'''

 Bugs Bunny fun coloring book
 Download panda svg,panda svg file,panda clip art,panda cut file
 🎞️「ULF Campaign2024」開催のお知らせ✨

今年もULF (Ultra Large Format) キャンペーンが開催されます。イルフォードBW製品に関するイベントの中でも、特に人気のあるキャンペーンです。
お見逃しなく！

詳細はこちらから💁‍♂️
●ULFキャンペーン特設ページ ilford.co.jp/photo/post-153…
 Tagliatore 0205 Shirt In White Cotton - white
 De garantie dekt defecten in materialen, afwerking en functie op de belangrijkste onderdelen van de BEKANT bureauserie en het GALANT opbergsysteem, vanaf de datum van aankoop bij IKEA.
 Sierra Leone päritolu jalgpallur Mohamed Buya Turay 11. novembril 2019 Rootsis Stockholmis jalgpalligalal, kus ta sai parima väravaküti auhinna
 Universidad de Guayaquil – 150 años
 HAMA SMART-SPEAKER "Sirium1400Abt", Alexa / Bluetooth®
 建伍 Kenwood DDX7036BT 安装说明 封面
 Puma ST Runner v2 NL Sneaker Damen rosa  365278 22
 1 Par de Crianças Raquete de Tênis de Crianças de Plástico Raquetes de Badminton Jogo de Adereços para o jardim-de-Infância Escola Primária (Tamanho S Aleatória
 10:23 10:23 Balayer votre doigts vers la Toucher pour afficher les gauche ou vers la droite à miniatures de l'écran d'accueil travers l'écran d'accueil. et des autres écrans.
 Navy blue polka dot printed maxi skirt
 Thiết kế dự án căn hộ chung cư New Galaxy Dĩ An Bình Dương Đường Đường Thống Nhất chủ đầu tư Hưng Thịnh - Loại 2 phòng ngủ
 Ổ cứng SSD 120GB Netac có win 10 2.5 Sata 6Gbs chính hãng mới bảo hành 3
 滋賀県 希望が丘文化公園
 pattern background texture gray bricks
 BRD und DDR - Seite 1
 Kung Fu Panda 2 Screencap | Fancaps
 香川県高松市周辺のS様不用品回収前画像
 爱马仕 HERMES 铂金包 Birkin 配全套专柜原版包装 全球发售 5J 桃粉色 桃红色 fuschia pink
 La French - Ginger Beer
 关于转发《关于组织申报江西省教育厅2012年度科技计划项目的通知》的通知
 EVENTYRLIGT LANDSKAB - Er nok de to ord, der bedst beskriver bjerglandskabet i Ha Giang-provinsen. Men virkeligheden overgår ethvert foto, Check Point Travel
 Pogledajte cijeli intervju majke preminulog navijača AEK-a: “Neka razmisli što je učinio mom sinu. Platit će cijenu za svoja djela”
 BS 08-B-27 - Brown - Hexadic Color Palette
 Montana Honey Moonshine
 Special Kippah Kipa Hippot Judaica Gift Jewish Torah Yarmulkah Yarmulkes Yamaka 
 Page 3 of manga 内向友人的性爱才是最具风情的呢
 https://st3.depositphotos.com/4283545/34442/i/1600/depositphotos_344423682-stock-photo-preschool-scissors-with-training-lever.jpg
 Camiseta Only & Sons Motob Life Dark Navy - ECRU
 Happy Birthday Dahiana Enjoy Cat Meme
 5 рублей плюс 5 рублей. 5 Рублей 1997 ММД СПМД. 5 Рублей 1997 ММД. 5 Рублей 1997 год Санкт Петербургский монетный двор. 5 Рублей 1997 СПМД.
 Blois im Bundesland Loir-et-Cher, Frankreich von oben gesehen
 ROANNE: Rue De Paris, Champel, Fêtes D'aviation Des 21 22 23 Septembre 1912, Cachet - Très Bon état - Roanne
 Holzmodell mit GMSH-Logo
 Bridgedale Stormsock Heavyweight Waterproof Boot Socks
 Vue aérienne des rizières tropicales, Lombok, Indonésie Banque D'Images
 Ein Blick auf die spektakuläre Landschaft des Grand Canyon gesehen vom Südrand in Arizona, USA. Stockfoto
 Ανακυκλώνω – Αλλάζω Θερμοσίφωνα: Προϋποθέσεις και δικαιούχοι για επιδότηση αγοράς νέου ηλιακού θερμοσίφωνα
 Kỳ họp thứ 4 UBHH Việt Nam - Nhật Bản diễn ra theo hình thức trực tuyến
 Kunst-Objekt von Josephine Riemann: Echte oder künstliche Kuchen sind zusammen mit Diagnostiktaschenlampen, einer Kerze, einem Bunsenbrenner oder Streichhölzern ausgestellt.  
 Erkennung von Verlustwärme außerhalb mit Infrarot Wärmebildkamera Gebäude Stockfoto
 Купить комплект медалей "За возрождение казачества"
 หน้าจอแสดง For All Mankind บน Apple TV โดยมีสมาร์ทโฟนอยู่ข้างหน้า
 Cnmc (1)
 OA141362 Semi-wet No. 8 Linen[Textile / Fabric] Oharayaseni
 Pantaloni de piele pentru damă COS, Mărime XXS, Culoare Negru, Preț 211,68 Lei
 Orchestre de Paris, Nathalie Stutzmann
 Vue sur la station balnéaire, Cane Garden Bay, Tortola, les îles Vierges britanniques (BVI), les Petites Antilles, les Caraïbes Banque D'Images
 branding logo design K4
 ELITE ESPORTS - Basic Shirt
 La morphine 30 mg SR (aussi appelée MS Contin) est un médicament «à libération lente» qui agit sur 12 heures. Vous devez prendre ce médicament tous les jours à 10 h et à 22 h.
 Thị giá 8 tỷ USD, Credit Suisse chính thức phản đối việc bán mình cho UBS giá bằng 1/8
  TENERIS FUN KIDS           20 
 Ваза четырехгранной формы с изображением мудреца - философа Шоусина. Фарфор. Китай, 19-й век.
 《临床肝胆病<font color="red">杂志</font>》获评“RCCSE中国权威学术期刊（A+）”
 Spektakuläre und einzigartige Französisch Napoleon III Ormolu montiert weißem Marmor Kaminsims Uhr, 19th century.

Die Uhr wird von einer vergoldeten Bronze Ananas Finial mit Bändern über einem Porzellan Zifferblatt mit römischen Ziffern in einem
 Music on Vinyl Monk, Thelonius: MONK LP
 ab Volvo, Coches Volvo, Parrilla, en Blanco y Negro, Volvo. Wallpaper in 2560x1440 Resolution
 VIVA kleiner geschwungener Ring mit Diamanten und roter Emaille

'''

** Problem to solve **
Only one stretch of the entries above is wanted: the lines from the one containing "Kỳ họp thứ 4" through the one containing "TENERIS FUN KIDS". Please reproduce it exactly.

** Answer box **
 Kỳ họp thứ 4 UBHH Việt Nam - Nhật Bản diễn ra theo hình thức trực tuyến
 Kunst-Objekt von Josephine Riemann: Echte oder künstliche Kuchen sind zusammen mit Diagnostiktaschenlampen, einer Kerze, einem Bunsenbrenner oder Streichhölzern ausgestellt.  
 Erkennung von Verlustwärme außerhalb mit Infrarot Wärmebildkamera Gebäude Stockfoto
 Купить комплект медалей "За возрождение казачества"
 หน้าจอแสดง For All Mankind บน Apple TV โดยมีสมาร์ทโฟนอยู่ข้างหน้า
 Cnmc (1)
 OA141362 Semi-wet No. 8 Linen[Textile / Fabric] Oharayaseni
 Pantaloni de piele pentru damă COS, Mărime XXS, Culoare Negru, Preț 211,68 Lei
 Orchestre de Paris, Nathalie Stutzmann
 Vue sur la station balnéaire, Cane Garden Bay, Tortola, les îles Vierges britanniques (BVI), les Petites Antilles, les Caraïbes Banque D'Images
 branding logo design K4
 ELITE ESPORTS - Basic Shirt
 La morphine 30 mg SR (aussi appelée MS Contin) est un médicament «à libération lente» qui agit sur 12 heures. Vous devez prendre ce médicament tous les jours à 10 h et à 22 h.
 Thị giá 8 tỷ USD, Credit Suisse chính thức phản đối việc bán mình cho UBS giá bằng 1/8
  TENERIS FUN KIDS           20 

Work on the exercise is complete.